Tongues edify the speaker (4, 28) where prophecy edify the congregation. I’d always taken that as dismissive of tongues, but I think I was wrong on that. Lots of things build me and it’s good. Col. 2:5, 8 say put off sin and 3:12 says put on fruit of the Spirit. That edifies me so I can be more Christlike and a better member of the community. The error would be self-indulgence, something the Corinthians and not a few Americans are into (!!). Building myself is very good if it helps me be a better Jesus follower.

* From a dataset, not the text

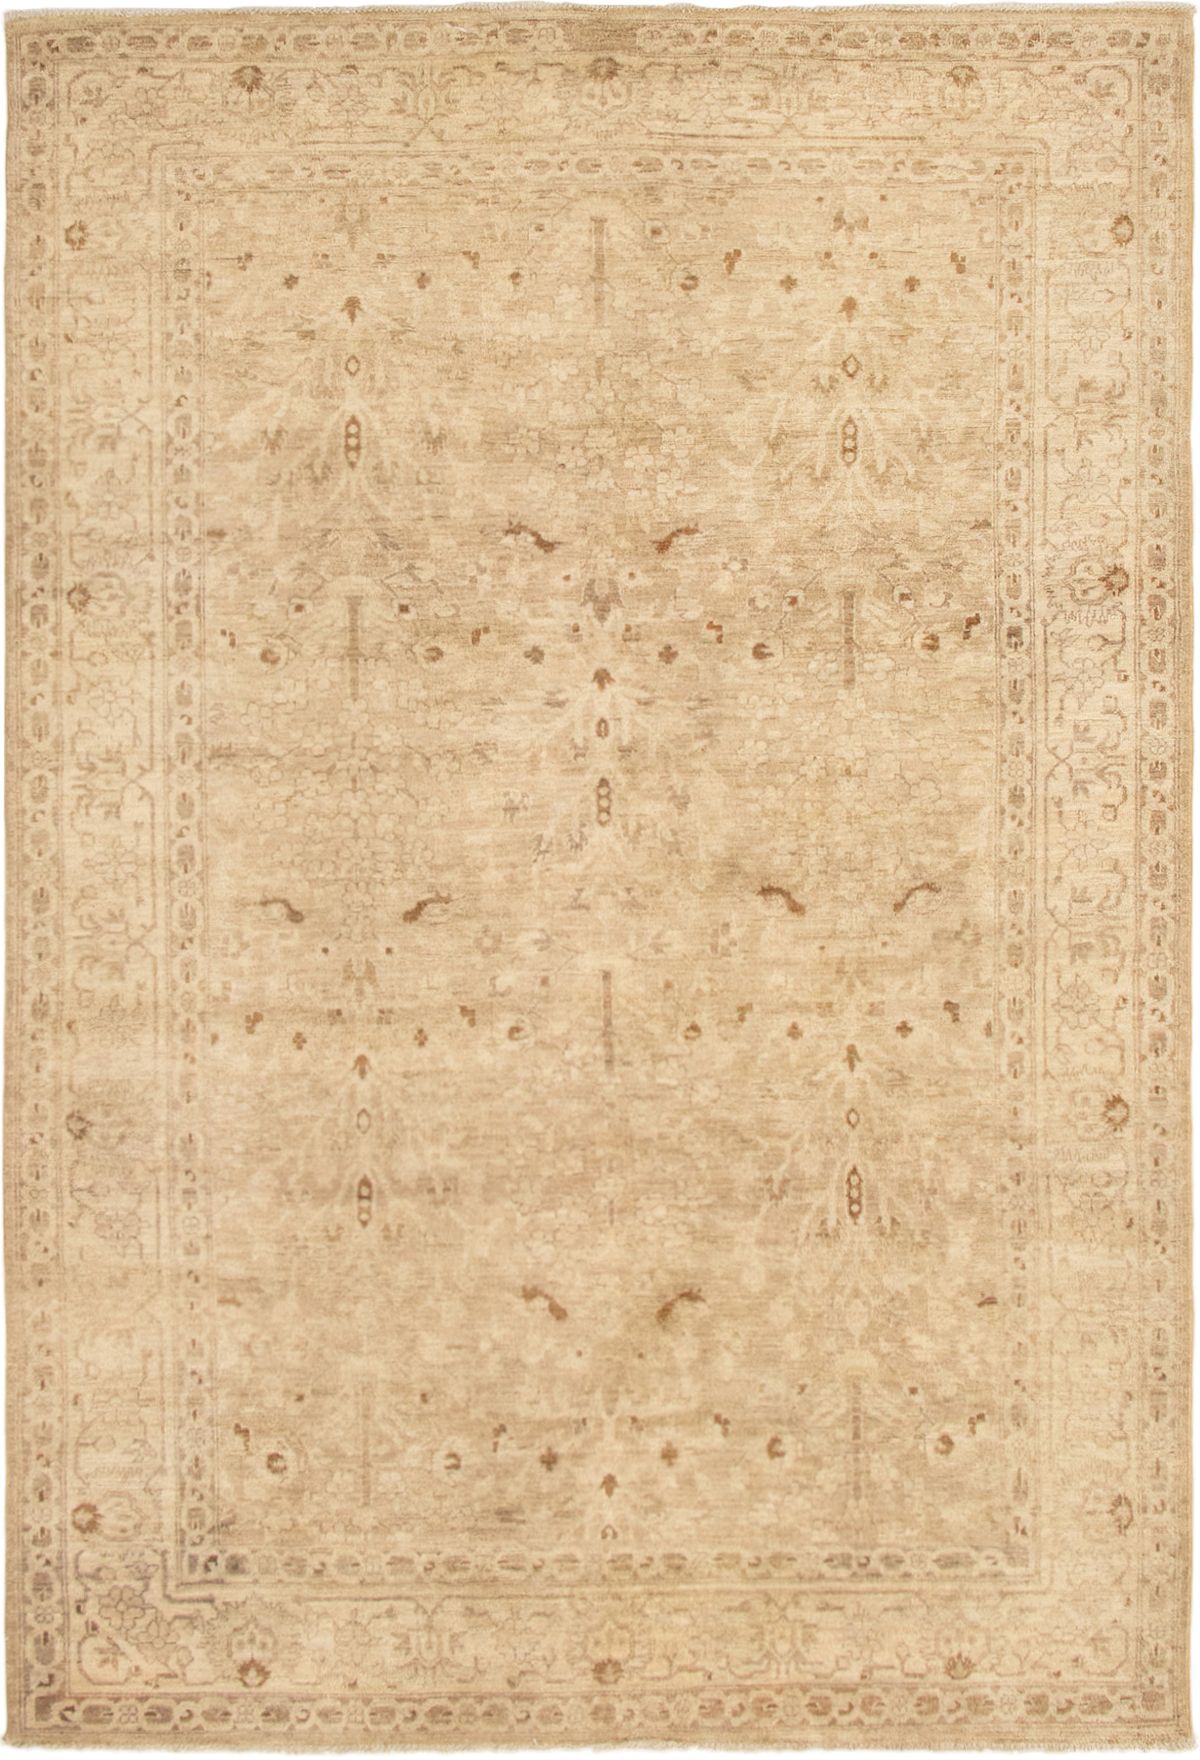 Hand-knotted Color Transition Light Khaki Wool Rug 6'1" x 8'11" Size: 6'1" x 8'11"

Paul is quite positive about tongues, just not in the public gathering of the church. I’m not sure how I missed his statement that he would like everyone to speak in tongues (14:5). Yes, prophecy is much preferred in the gathering but that does not mean tongues have no place. He is quite clear that he speaks in tongues a lot (14:18), but not on the gathering. That’s the place for prophecy to strengthen, encourage, comfort, edify, instruct (3,4, 26, 31).

Tongues are for prayer (14:14) from the heart. Of course there is also prayer with the mind, i.e., in a known language. Both are good in their proper place, it seems. Some prefer spirit prayer while others prefer mind prayer. Neither is a higher spirituality, it seems. I think Romans 8:26 speaks to this when it says “Likewise the Spirit helps us in our weakness. For we do not know what to pray for as we ought, but the Spirit himself intercedes for us with groanings too deep for words.” So the graonings there are the Spirit at work helping us when our mind and understanding fail us and we don’t know how to pray. That groaning certainly could come out of my mouth, I think.

Tongues are for praise (14:16) just as they are in Acts 2:11 and 10:46. That isn’t helpful for the congregation unless it is interpreted or explained as Peter did in Acts 2.

In the gathering Paul does not speak in tongues though he does speak a lot, evidently in his private devotions. Where the Corinthians were seeing their public use of tongues as a mark of their high spirituality. Paul shows them that it is a sign, but a sign of God’s judgment on their prideful self-indulgence! Hearing Babylonian in the streets of Jerusalem in 586 BC was a sign that God’s judgment had come to sinful Judah (he quotes Isaiah 28:11 a statement of His judgment in 14:21). Similarly, it is not a blessable thing if unbelievers hear all the confusion of public tongues and walk away thinking the people and their God is crazy.

So I’m thinking tongues is private prayer and praise to God in an unknown language.

That’s what I’m thinking in outline. I’d love to get input!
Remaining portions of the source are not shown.